After these two steps, the historical data from domain 1 will have been merged to the currently used domains 2 and 3.

Historical data and the current data are in different database

Using SSMS expand the SSR database and locate the stored spotlight_merge_data_in_diff_ssr. This procedure should be used when you want to move data from an old domain to a currently used domain in a different SSR database. In the SSR the domain is equivalent to the Diagnostic Server hostname. This procedure has a parameter called @HistoricalSSRDatabaseName which is the name of the old SSR database that you want to transfer the data from. Below is an example of how to use this procedure.

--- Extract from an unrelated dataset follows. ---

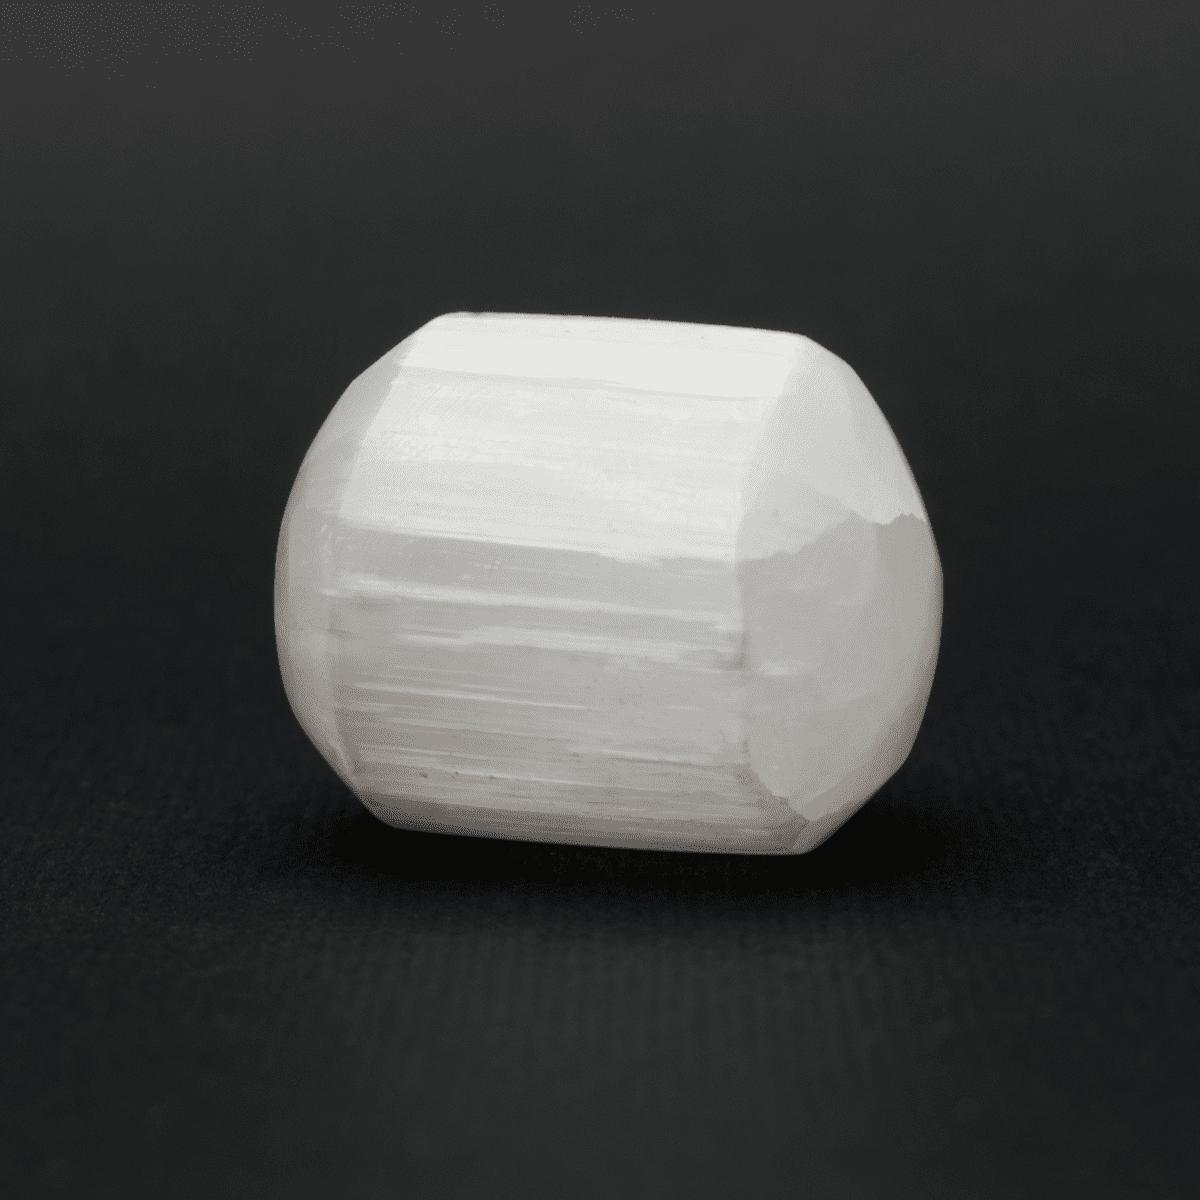 Milujeme Kameny - selenit bily tromlovaný kámen - valecek

For example, say that you have two SSR databases - SSR_Old and SSR_New. Some of the connections appear in both SSR_Old and SSR_New with the same connection name and some of the connections only exist in SSR_Old. Now you want to transfer the data from the SSR_Old to SSR_New.

If the SSR_Old and SSR_New databases are in the same instance then run spotlight_merge_data_in_diff_ssr with the @HistoricalSSRDatabaseName parameter set to [SSR_Old]. exec spotlight_merge_data_in_diff_ssr “[SSR_Old]” –run this line in SSR_New

If the SSR_Old database is in another instance with an IP address of 10.154.10.10 then run spotlight_merge_data_in_diff_ssr with the @HistoricalSSRDatabaseName parameter set to [10.154.10.10].[SSR_Old]. exec spotlight_merge_data_in_diff_ssr “[10.154.10.10].[SSR_Old]” –run this line in SSR_New

Note: Both SSR databases involved in the merge must have the same collation settings.